I am trying to piece together a last-minute funding request for a complete overhaul of our PAC seating, floors and house lighting. It is a 300-seat house, and I hope to change all of the house lighting to LED. What is a reasonable amount of funding to ask for which won't bite me when I finally have a chance to price out the project for real? Thanks!


----------



## sk8rsdad (Oct 7, 2015)

Do you expect the LEDs to dim smoothly to zero? If so then that has a BIG impact on your budget.


----------



## microstar (Oct 7, 2015)

sk8rsdad is correct about the dimming. We just installed 40 of the Altman Chalice fixtures with DMX. They dim very well and the easily changeable lens system is really handy for customizing the fixture in the field. The Light Source LED houselight fixture looks really nice as well.
Expect to spend at least $1200-$1300 per fixture for this kind of performance and flexibility. I think Elation makes something like this also. 
If your situation warrants, a quality LED PAR like the ETC ColorSource PAR might give you that level of quality for half the cost. Not sure how the brightness compares; the first two are 100 watt LEDs and Altman has just come out with a 150 watt version.
Allow for all the DMX infrastructure, probably a splitter, and a lot of electrician-type labor depending on what has to be done. And non-dim modules to replace the existing dimmer modules and possibly new remote houselight panels and ........ and.......!


----------



## sk8rsdad (Oct 7, 2015)

In our venue we opted to keep the existing incandescent system and install a parallel on/off worklight LED system using Osram Kreios FL fixtures. It's a lot less expensive to purchase and install and gets us most of the energy and maintenance savings since we only use the incandescent system for performances, and then only for 30 minutes before show, intermissions, and while the audience is leaving.


----------



## SteveB (Oct 7, 2015)

Sk8rsdad,

Ummm.... You just did a slap across the side of mine head. We've been toying with the idea of converting house lights to LED for a year now. Your point about WHEN and for how long the incandescents get used is a very, very good point.

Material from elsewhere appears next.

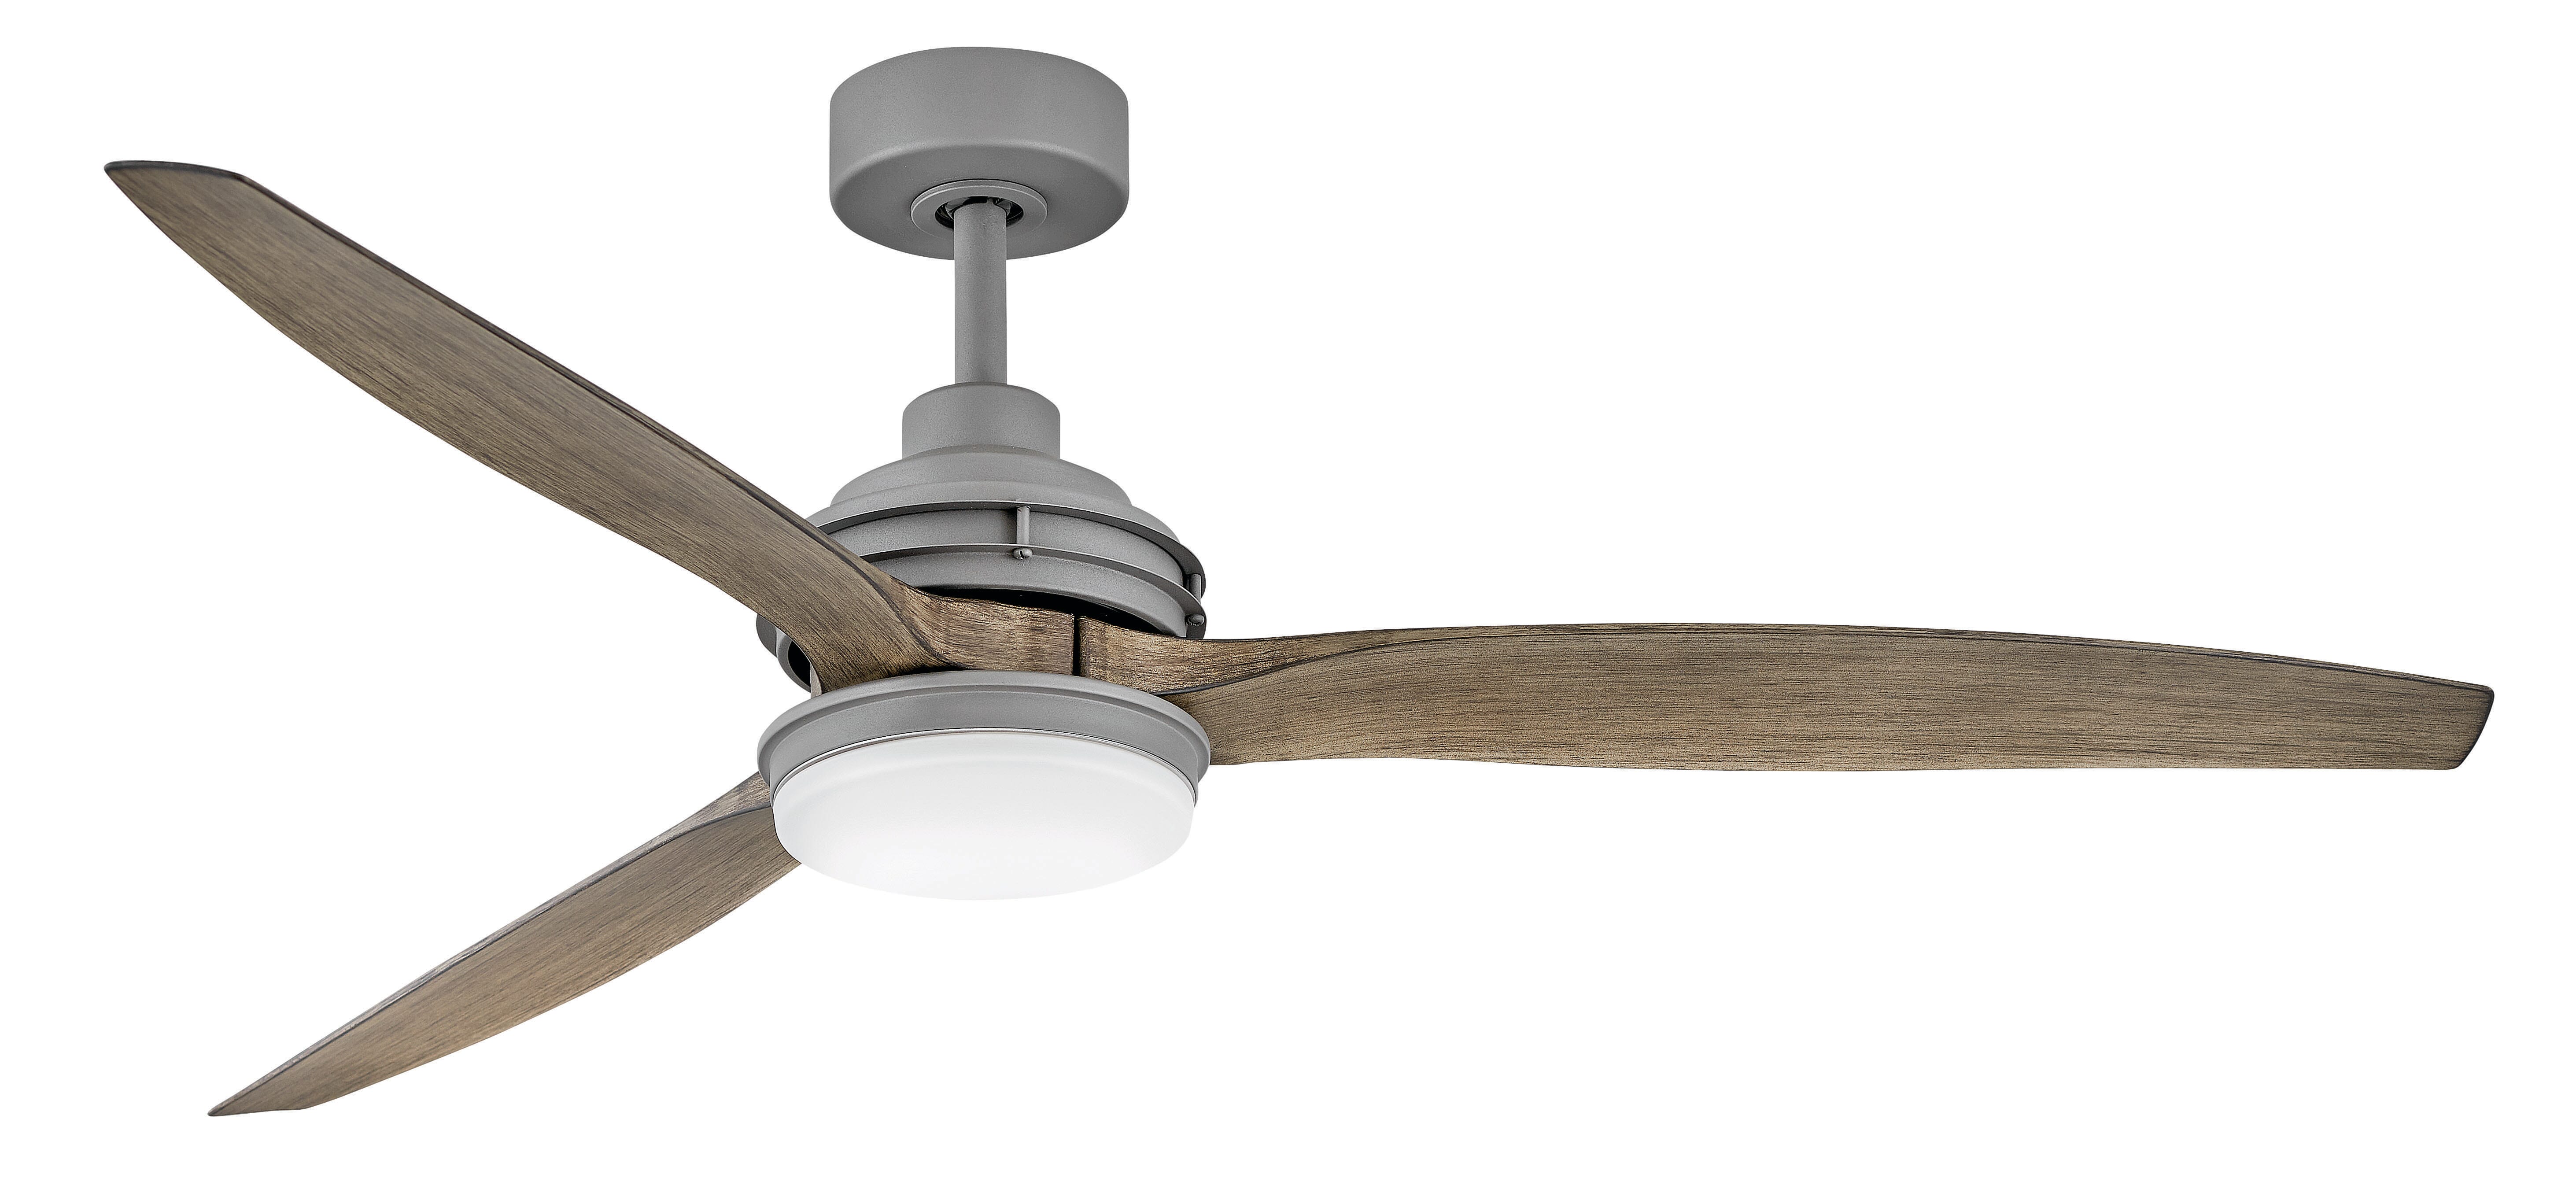 Hinkley Artiste LED 60" Indoor/Outdoor Ceiling Fan in Graphite - 900160FGT-LWD

Going to take another look at this, thanks..


----------



## BillConnerFASTC (Oct 7, 2015)

So many variables. Starting at the top of the line, the GDS house lights - no made by ETC - are fantastic for dimming, color, and glare; wireless data; and solve emergency lighting very neatly. Probably installed in the $2000-2500 per unit (I think the chalice price above is the fixture only so on that basis, list is $1700, net around $1500 I'd guess.) In quantities of 300, basic seats probably $225 -250 each (plastic pan and outer back) up to $350-400 (better fabric and wood back) up to $800-1000 (custom). That is turn key installed. Floor coverings - paint? Carpet? Vinyl? I'm a fan of marmoleum - very durable sheet product - covers a lot of flaws. So maybe $3 sq ft up to $50?

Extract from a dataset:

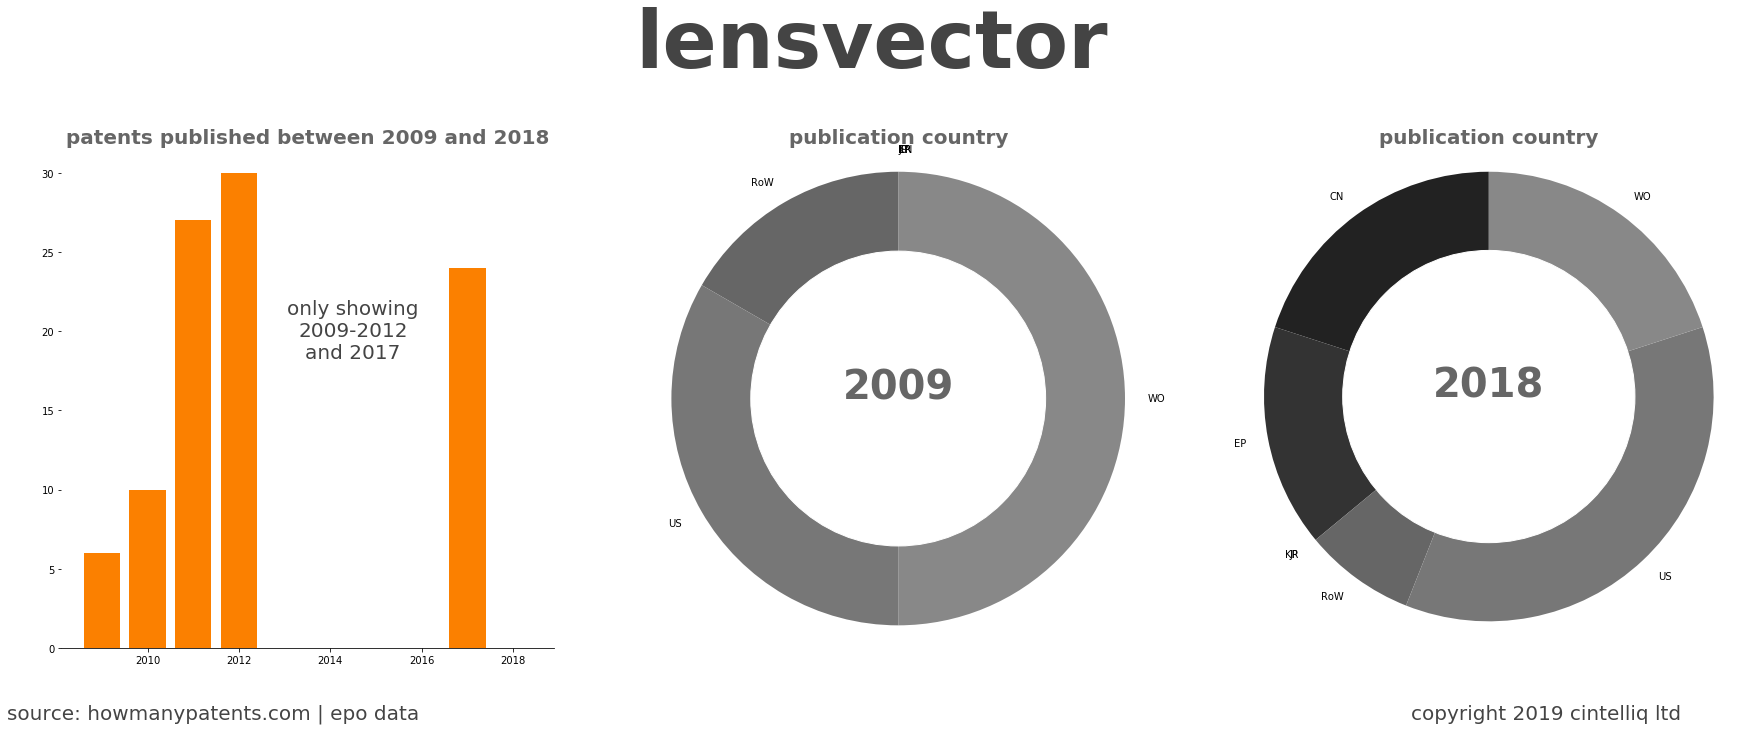 summary of patents for Lensvector

You need professional planning help.


----------



## StephIsabel (Oct 8, 2015)

Thank you everyone!


----------



## RickR (Oct 8, 2015)

I find architectural fixtures are more cost effective that theatrical brands. There are many out there these days in cylinder form. I've used Prescolite Megalum and Gotham Incito with DMX drivers that have great dimming. 8,000-15,000 lumens is equivalent to 500-1,000W incandescent.

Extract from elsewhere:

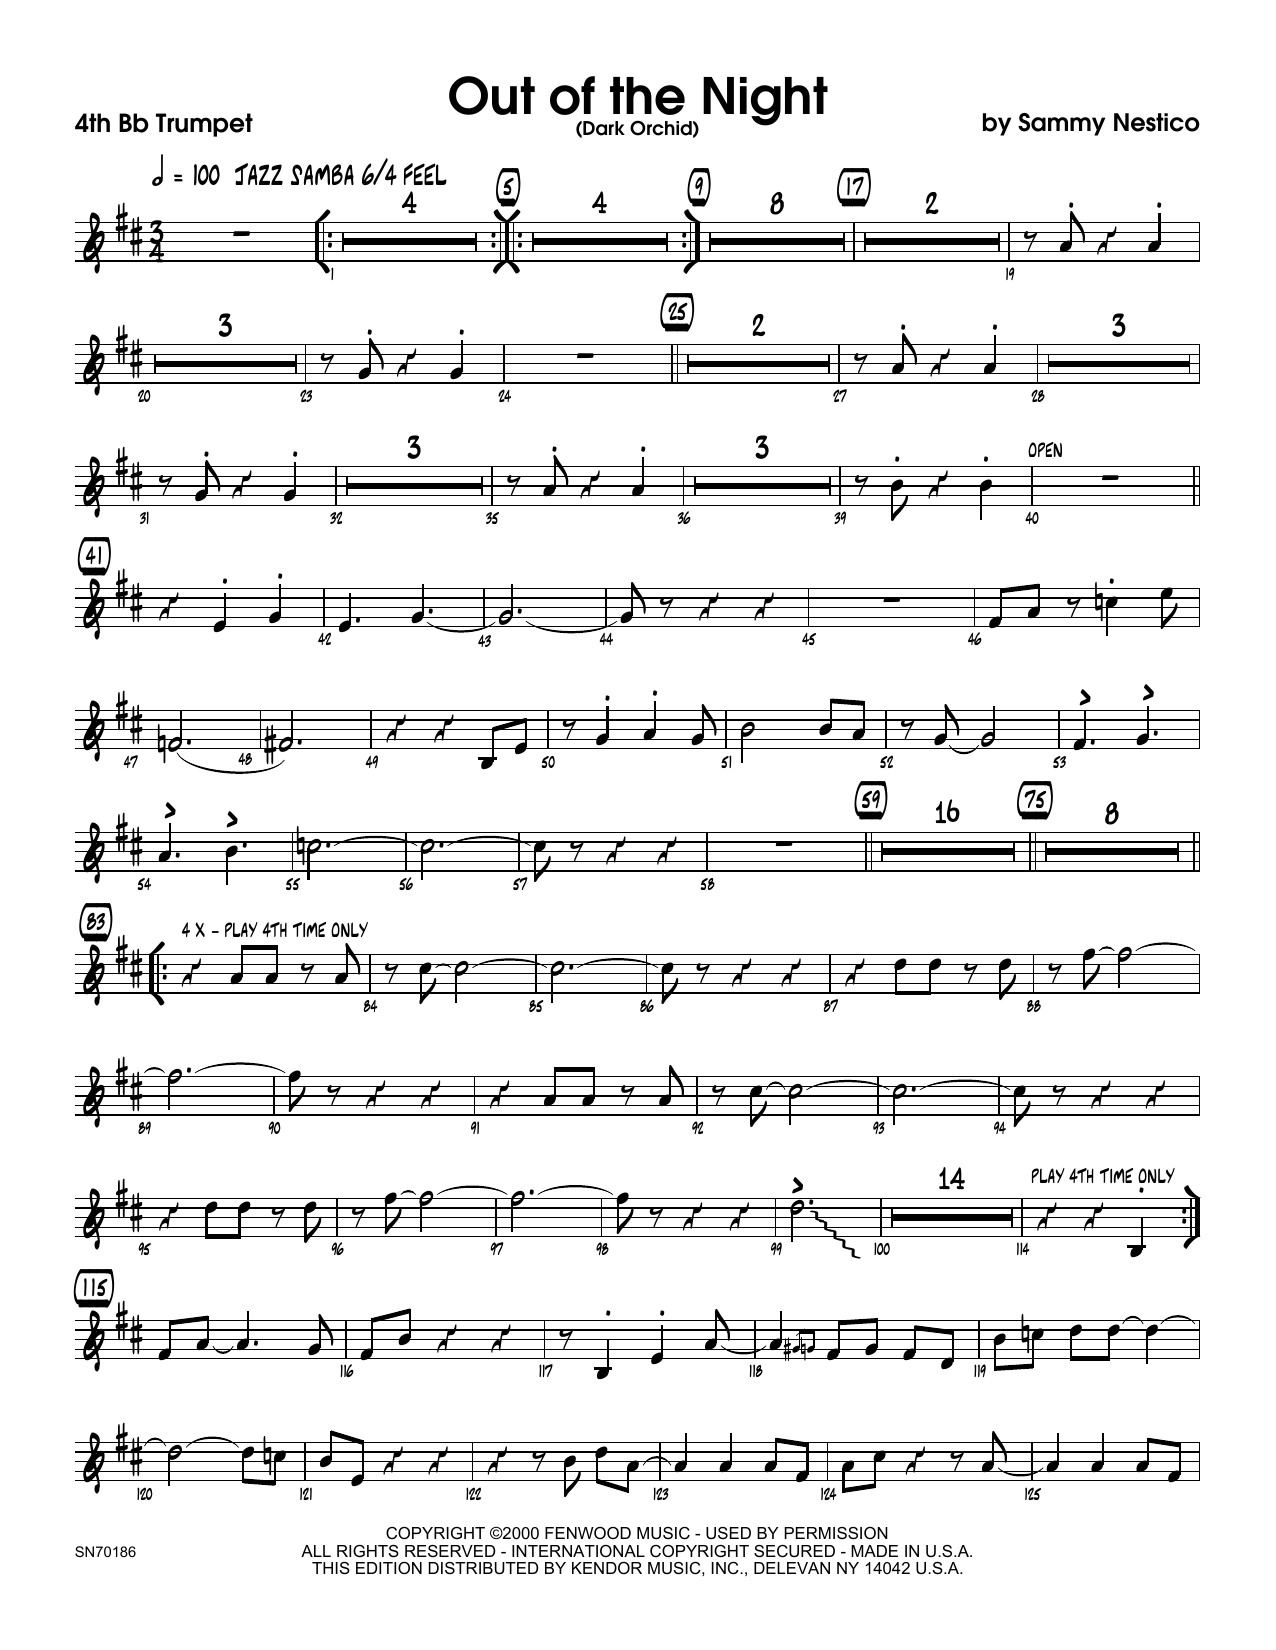 Download Sammy Nestico Out of the Night - 4th Bb Trumpet Sheet Music

Seats and flooring can be pretty straight forward, but do you need to fit some more people in? Did you know that if you go to DMX house lights you might free up dimmers for stage lighting? This project can change much of how the PAC functions and should be carefully considered. As Bill said, get some help! 10% for consulting can save far more in the long run.


----------